[Assignment] Please print the full listing below exactly, but not the pictures in it.
Data Block Start
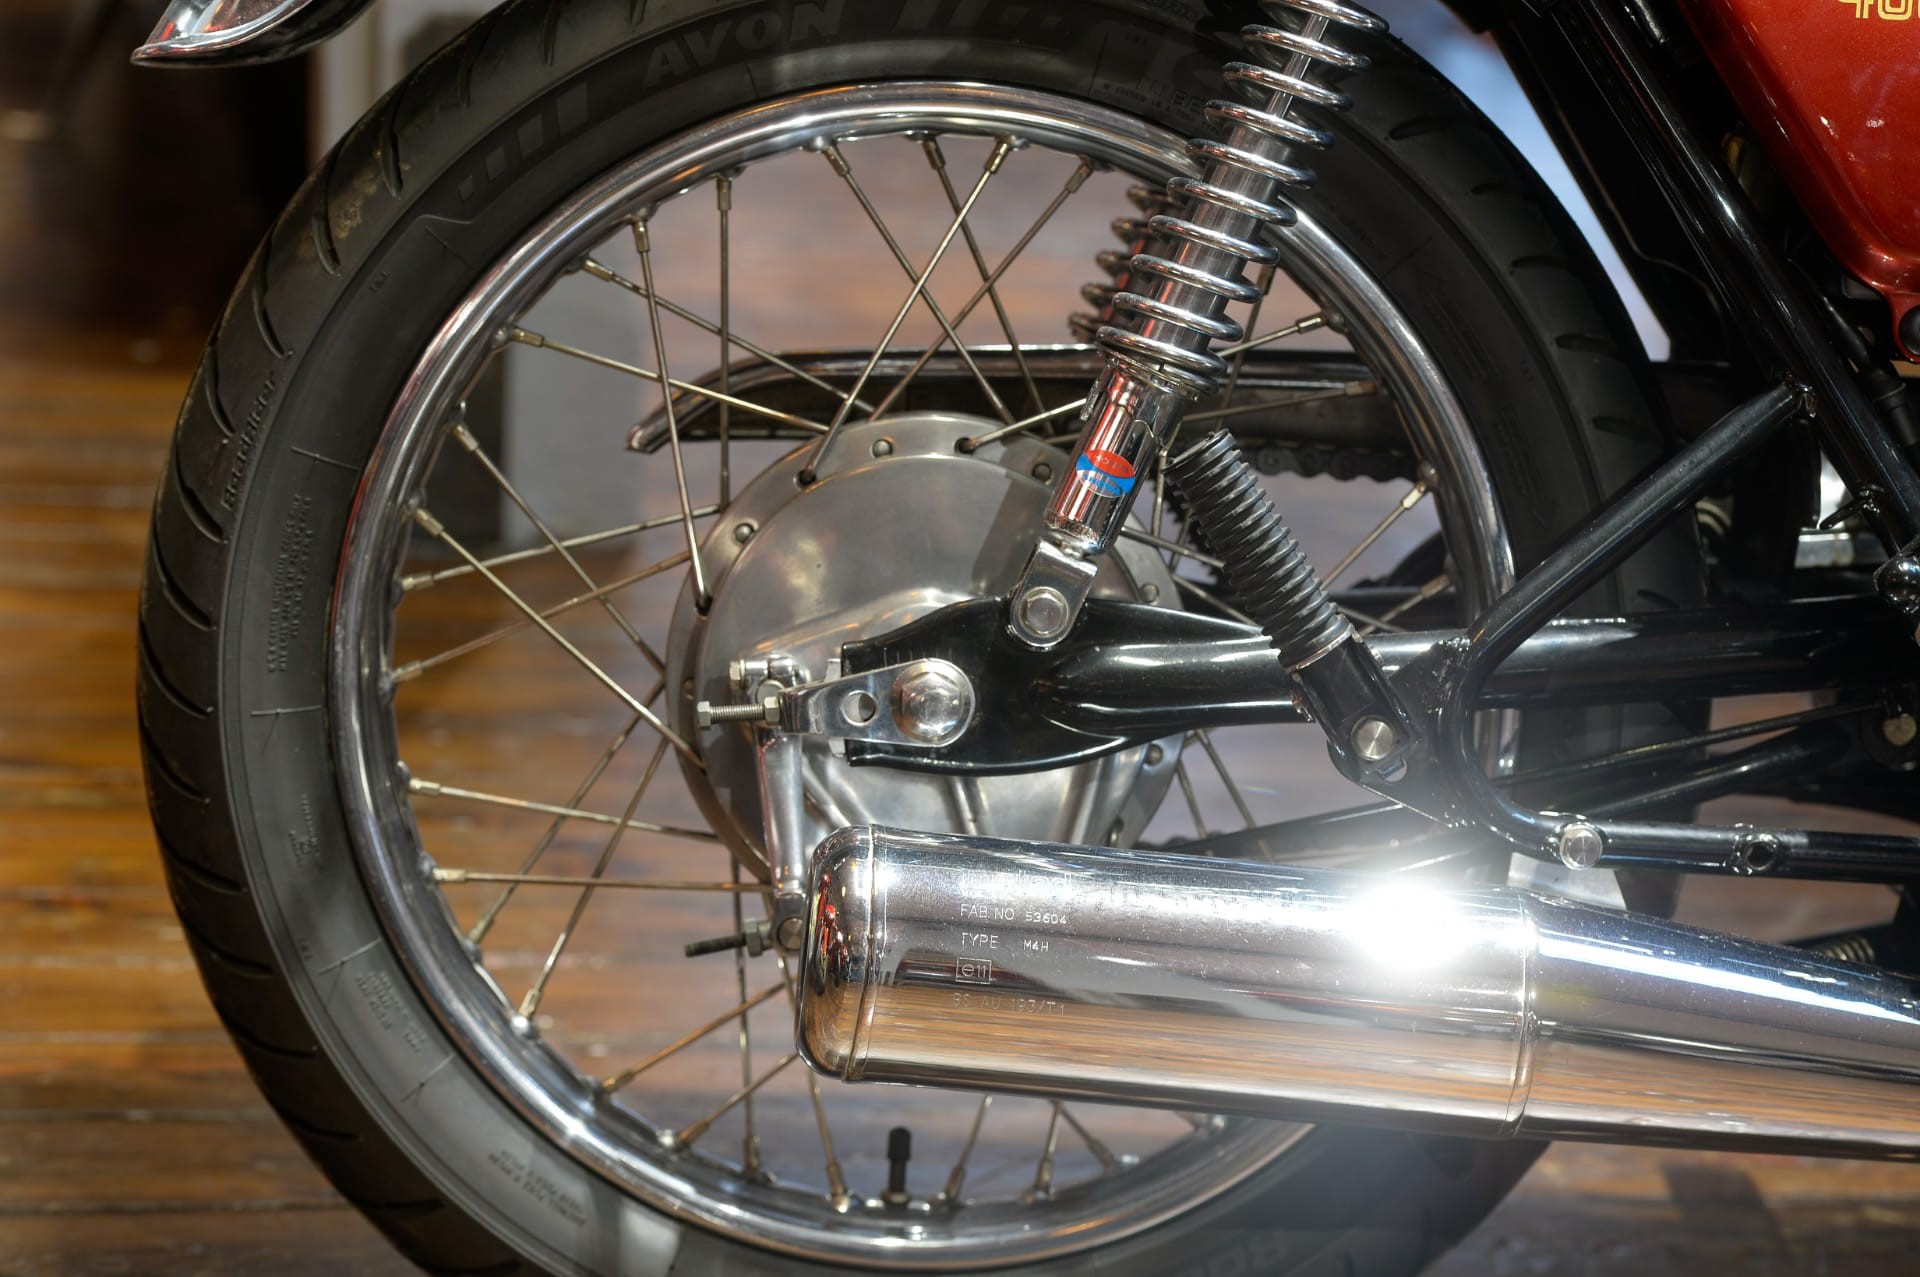 Honda CB400 | The Bike Specialists | South Yorkshire
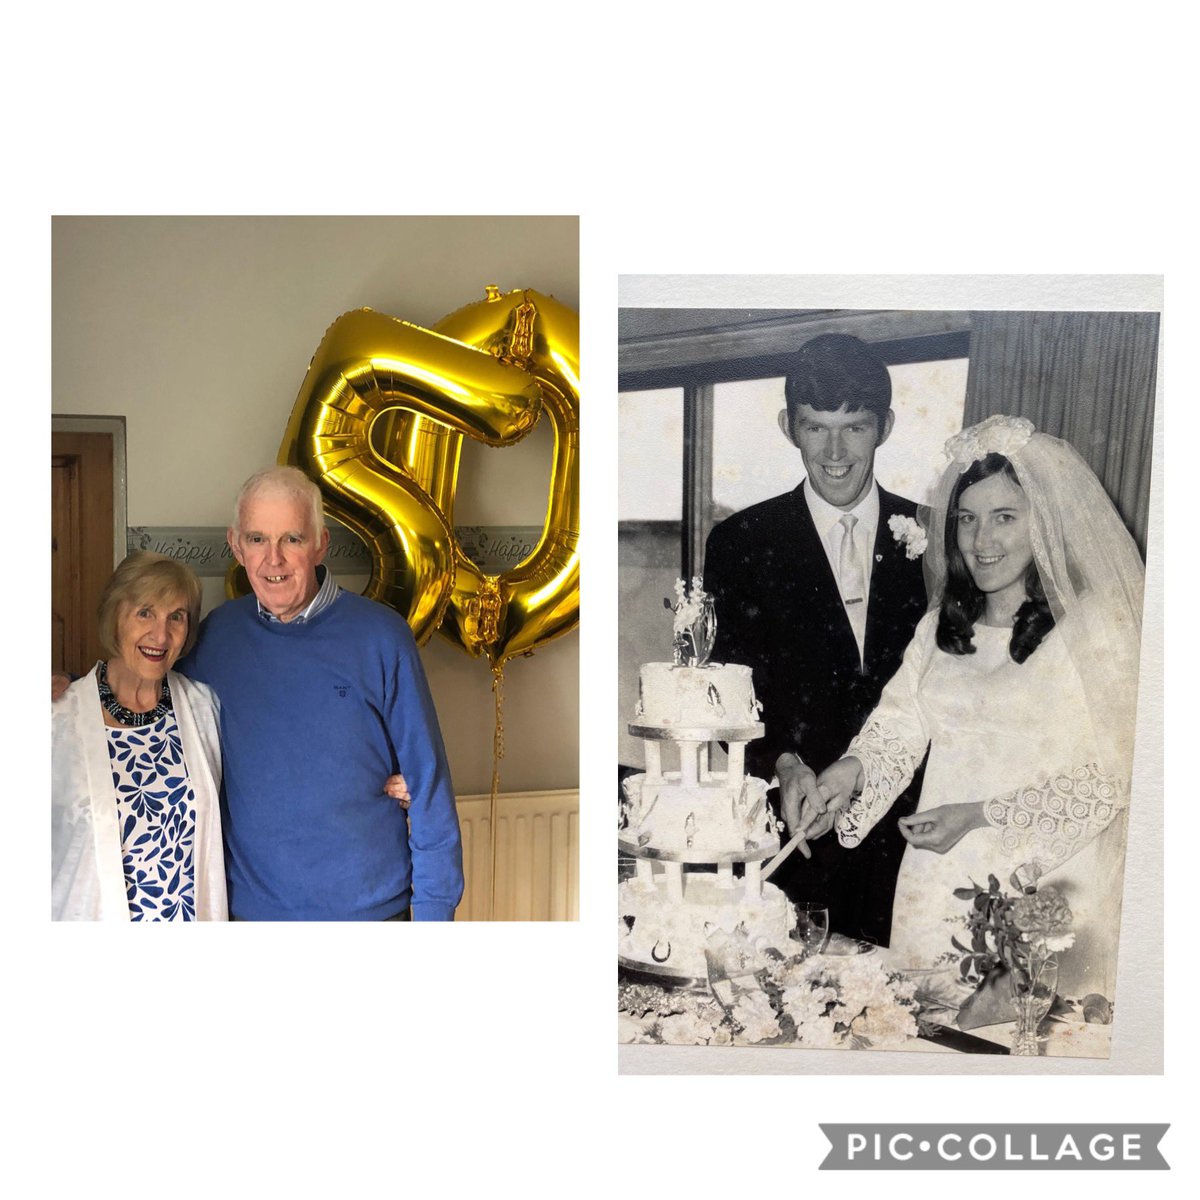 Michael & Phyllis Fennin est 17/6/70 #50years #goldenanniversary #luckyus 💛
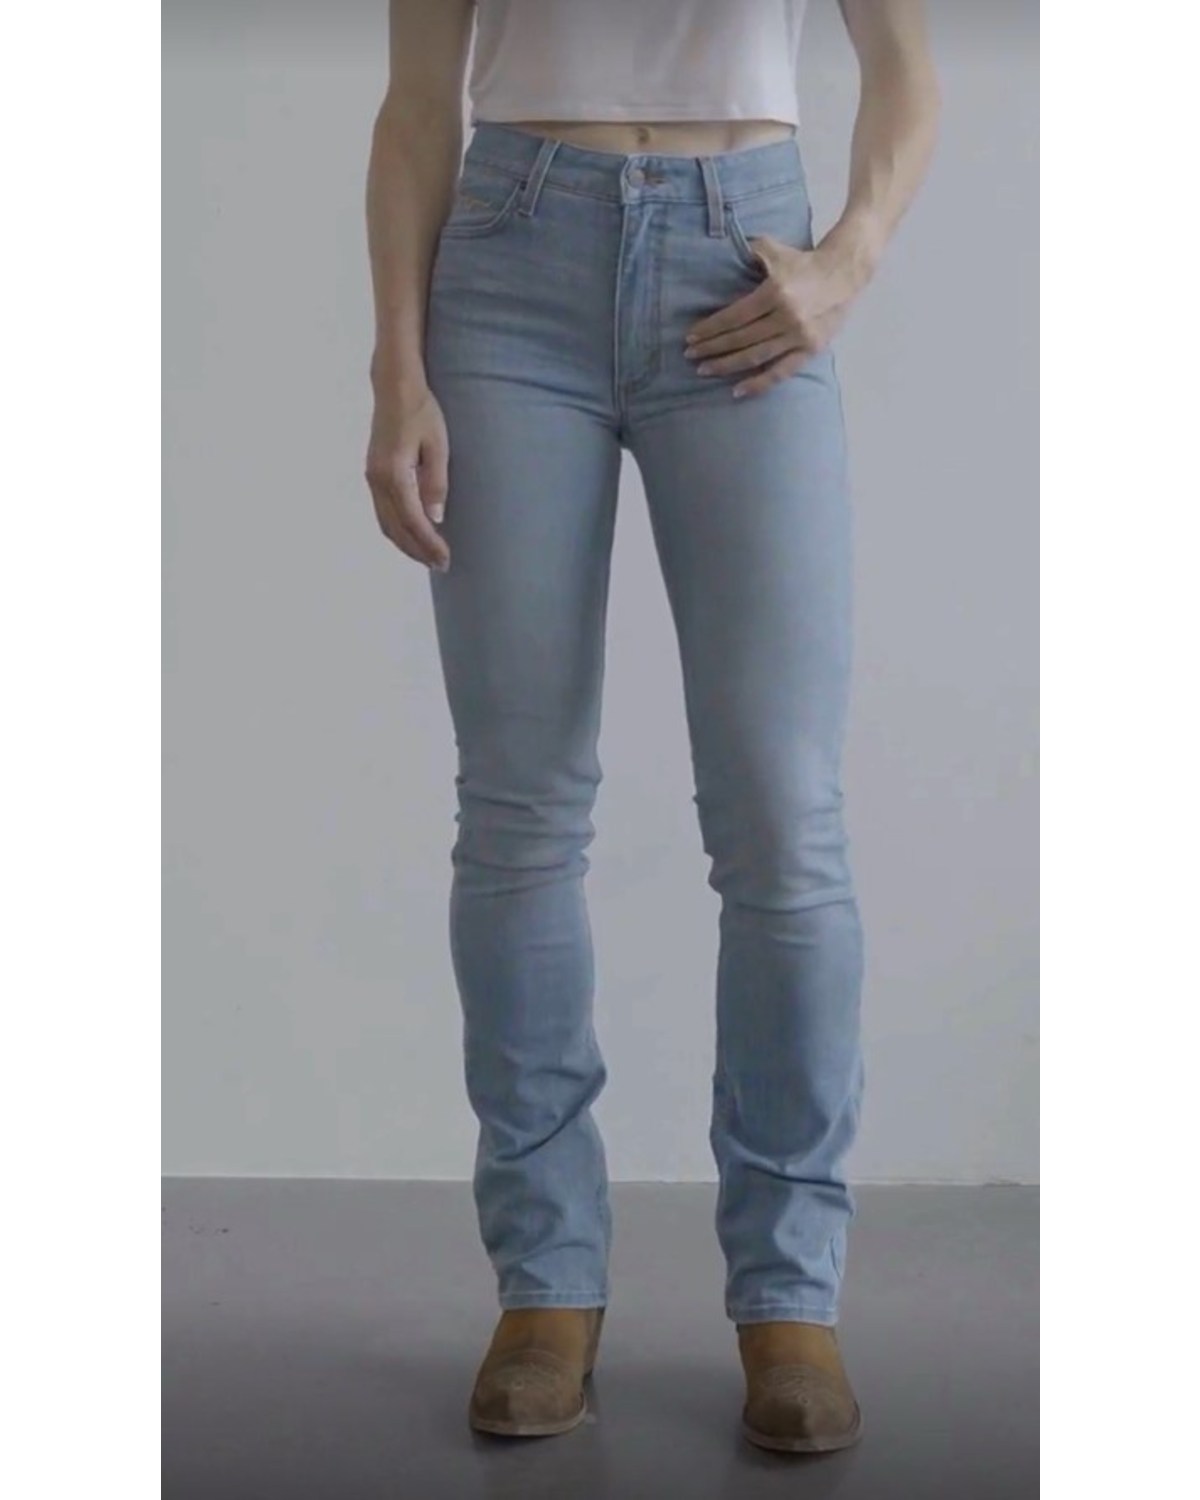 Kimes Ranch Women's Sarah Light Wash High Rise Slim Bootcut Jeans
Data Block End
[Task output]
 Honda CB400 | The Bike Specialists | South Yorkshire
 Michael & Phyllis Fennin est 17/6/70 #50years #goldenanniversary #luckyus 💛
 Kimes Ranch Women's Sarah Light Wash High Rise Slim Bootcut Jeans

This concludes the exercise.